Among many changes, the measure expands the list of people who can consent to an unconscious patient becoming a donor, and makes it clear that a person's decision to be an organ donor cannot be revoked by anyone else.
"If someone says they want to be an organ donor, then what this says is that they are going to be an organ donor -- families can't override that decision. That's a situation that occurs very commonly," said Robert M. Sade, the American Medical Association's representative to the committee that drafted the measure. "The idea behind this is to facilitate organ donation as much as possible."
The most controversial section deals with unconscious patients who have signed donor cards but also "living wills" or other documents that state that they do not want a ventilator or other medical care to keep them alive, which is sometimes necessary to maintain organ viability until a transplant can take place. Under the act, the donor card trumps the living will, which triggered objections from some bioethicists and doctors who care for critically ill patients.
"It's a false assumption that it's more important for everyone to donate organs than avoid machinery at the end of life," said Michael A. DeVita, an intensive-care specialist at the University of Pittsburgh. "For some people, avoiding a machine may be more important than donating their organs."
In response, the commission sent states substitute language that calls for family members or others to be consulted in such situations to try to determine what the donor would have wanted. Those states that have approved the law already, however, will have to wait until next year to amend it.
While that satisfied DeVita, others remain uneasy that the law would still put organ donation on an equal footing with declared end-of-life wishes.
"I think a person's instructions for end-of-life care should always take precedence over 'make me an organ donor,' " Caplan said.
Others are troubled by the cumulative effect of the proposed changes.
"My concern is that the dying patient is going to be neglected or even harmed for the benefit of someone else," said Gail A. Van Norman, a professor of anesthesiology and bioethics at the University of Washington in Seattle.

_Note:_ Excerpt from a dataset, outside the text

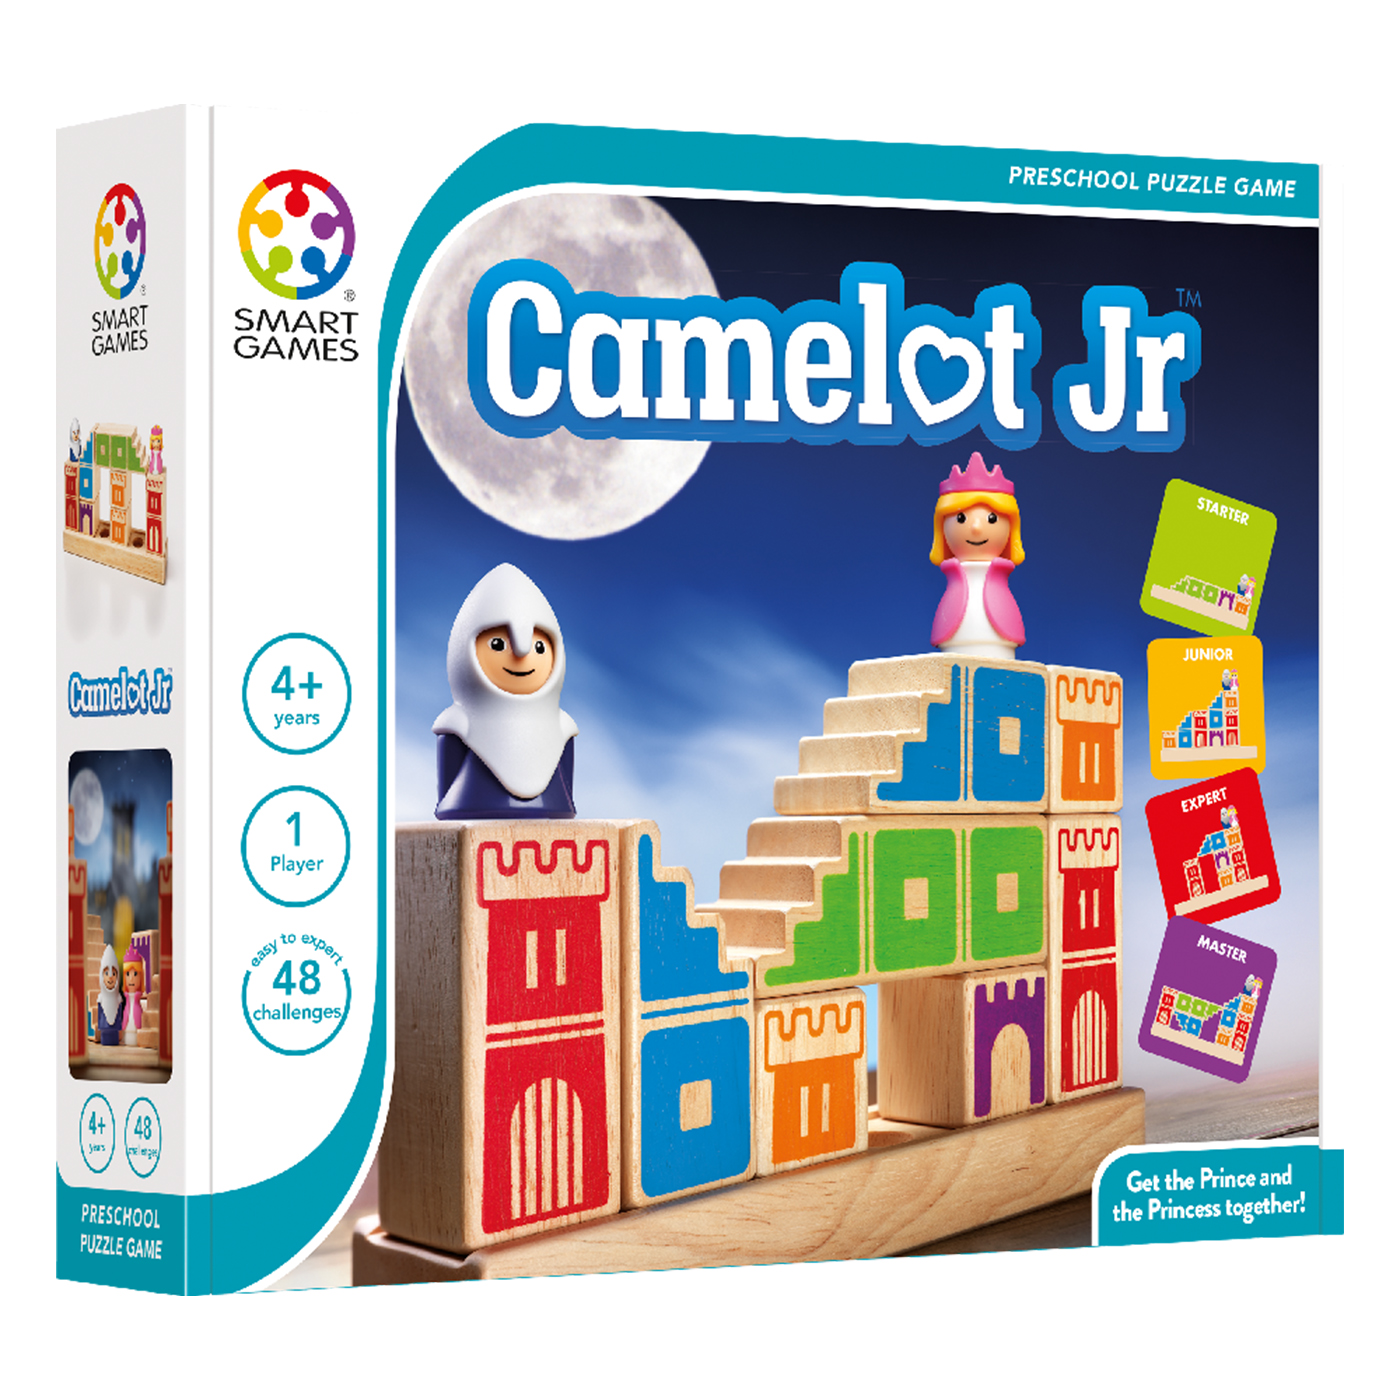 SMARTGAMES SmartGames Camelot Jr
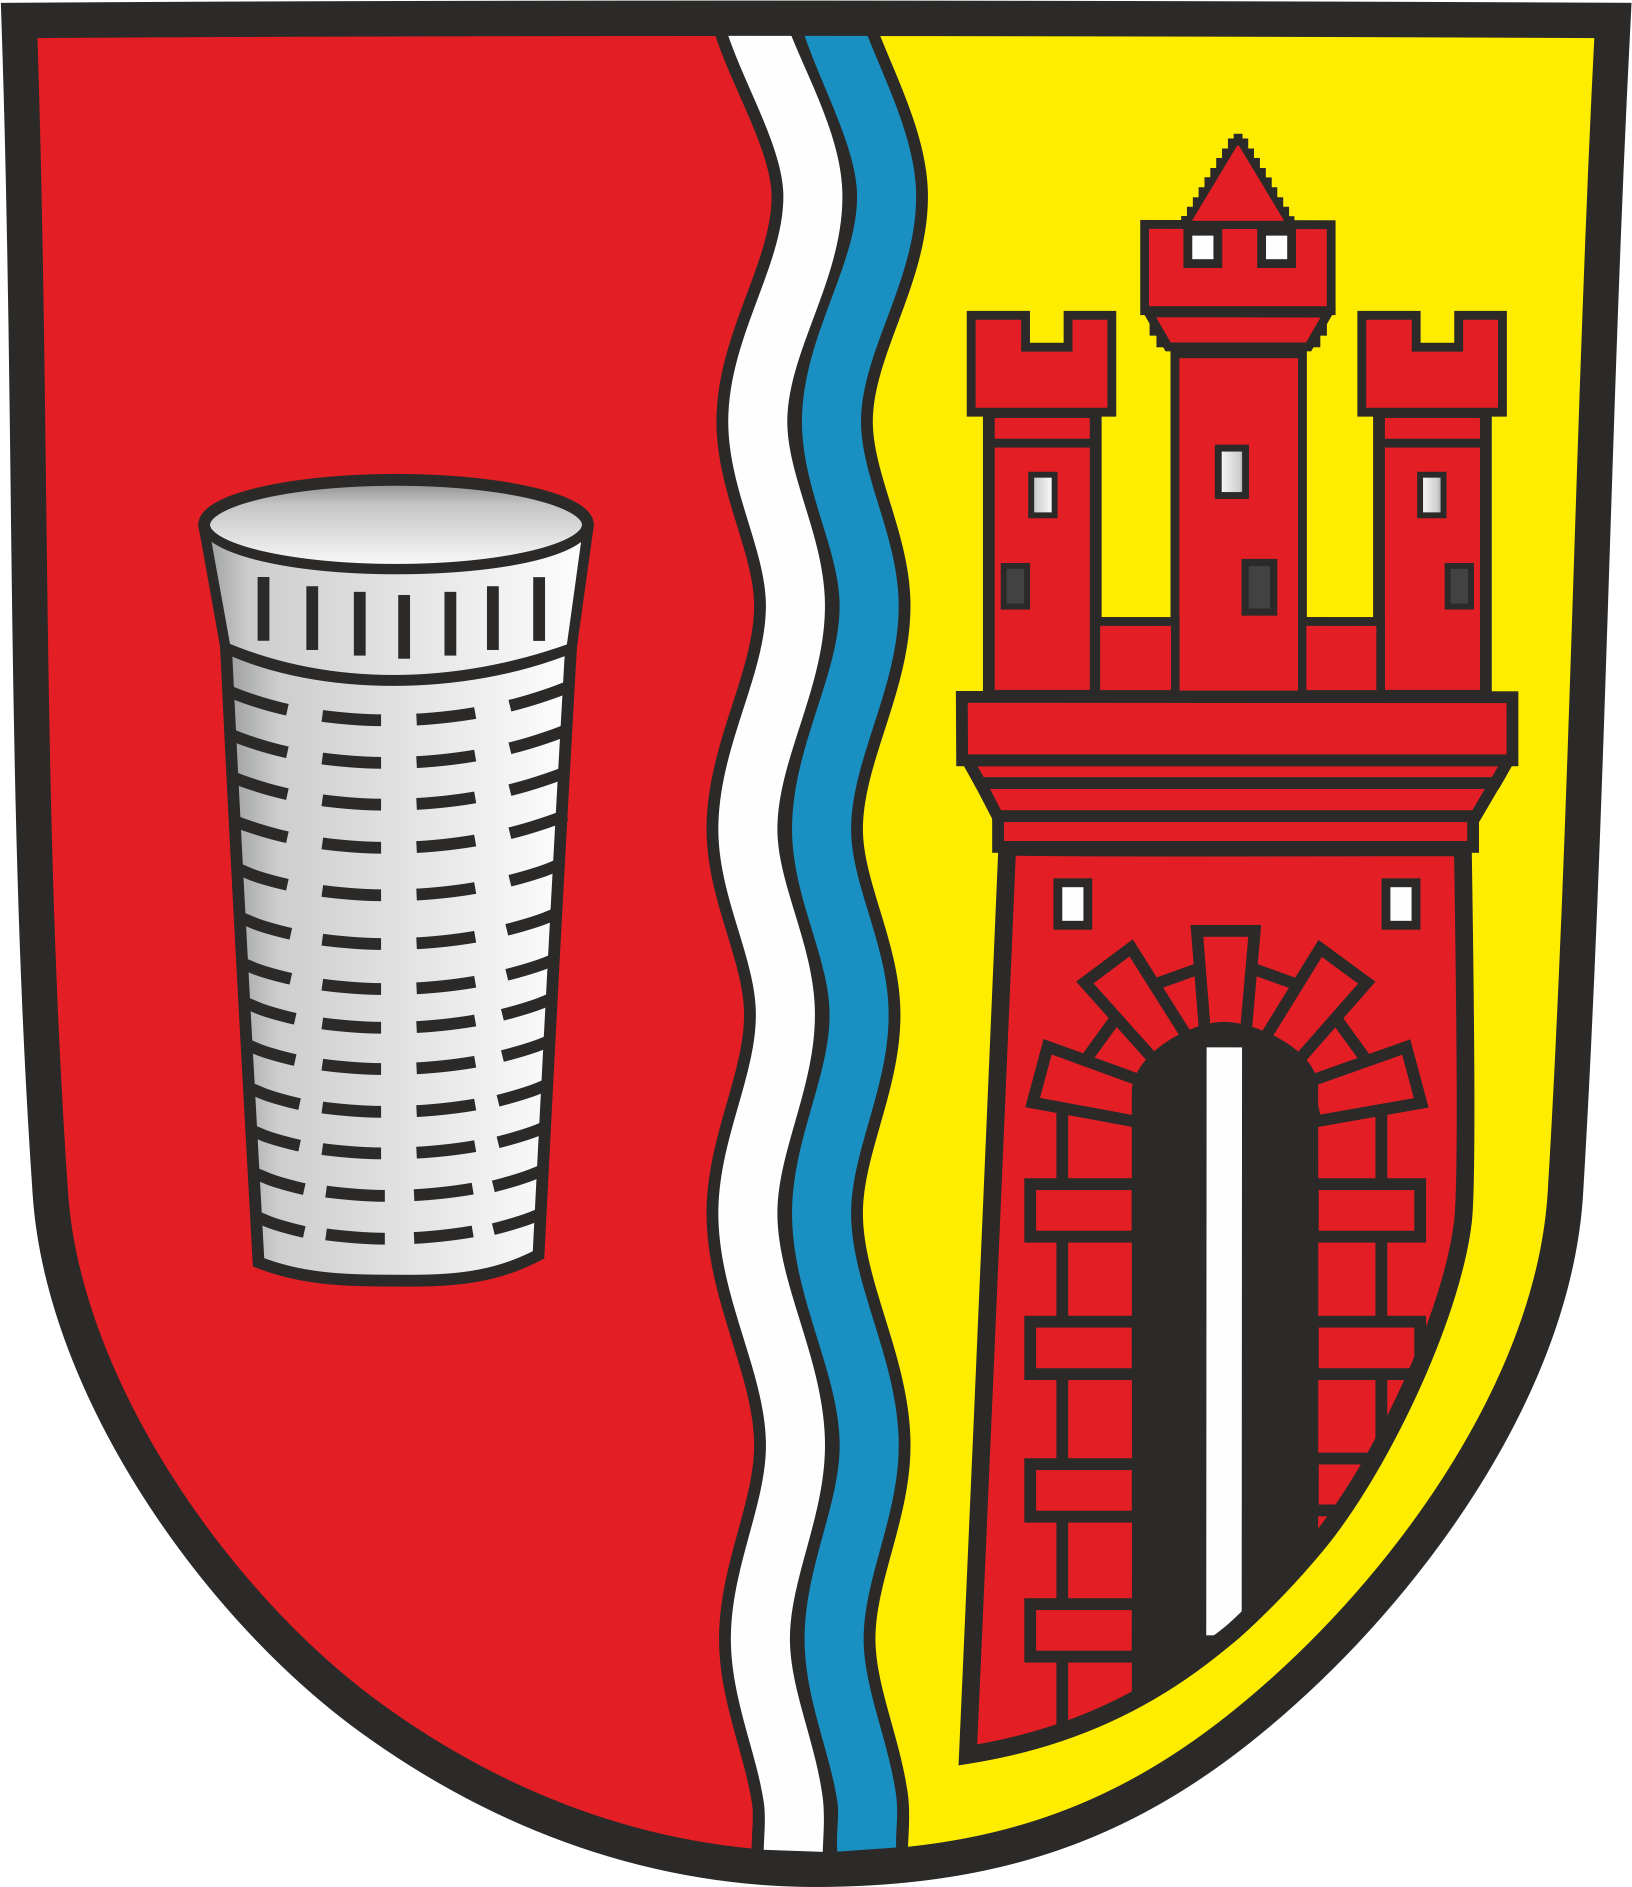 Wappen Kleinkahl

The measure, for example, aims to establish more computerized registries of people who have agreed to be donors but makes no similar provision for those who do not want to be donors. It also gives organ procurement organizations the power to keep potential donors on life-support while they evaluate their organs' suitability for transplantation.
"For a family that's been sitting at a bedside struggling to make an end-of-life decision, asking them to wait even 12 hours can be huge," Iltis said. "This seems to give organ procurement organizations significantly more authority over what happens to patients who could be donors."
Sade and others defended the model law, saying it strikes the proper balance between fulfilling the wishes of those who want to donate and protecting end-of-life care.
"If there's a patient requiring palliative or comfort care, you treat them first. That's clear. This doesn't change that balance," said Christina W. Strong, who represented the Association of Organ Procurement Organizations. "What it does is make sure that to free up an ICU bed a hospital doesn't forget the patient may have wanted to be a donor or their family may want them to be a donor."
But some are concerned that the measure could backfire, frightening people away from signing donor cards.
"Anything that blurs that line between patient-comfort-care-first, organ-donation-later is going to make the American public very nervous," Caplan said.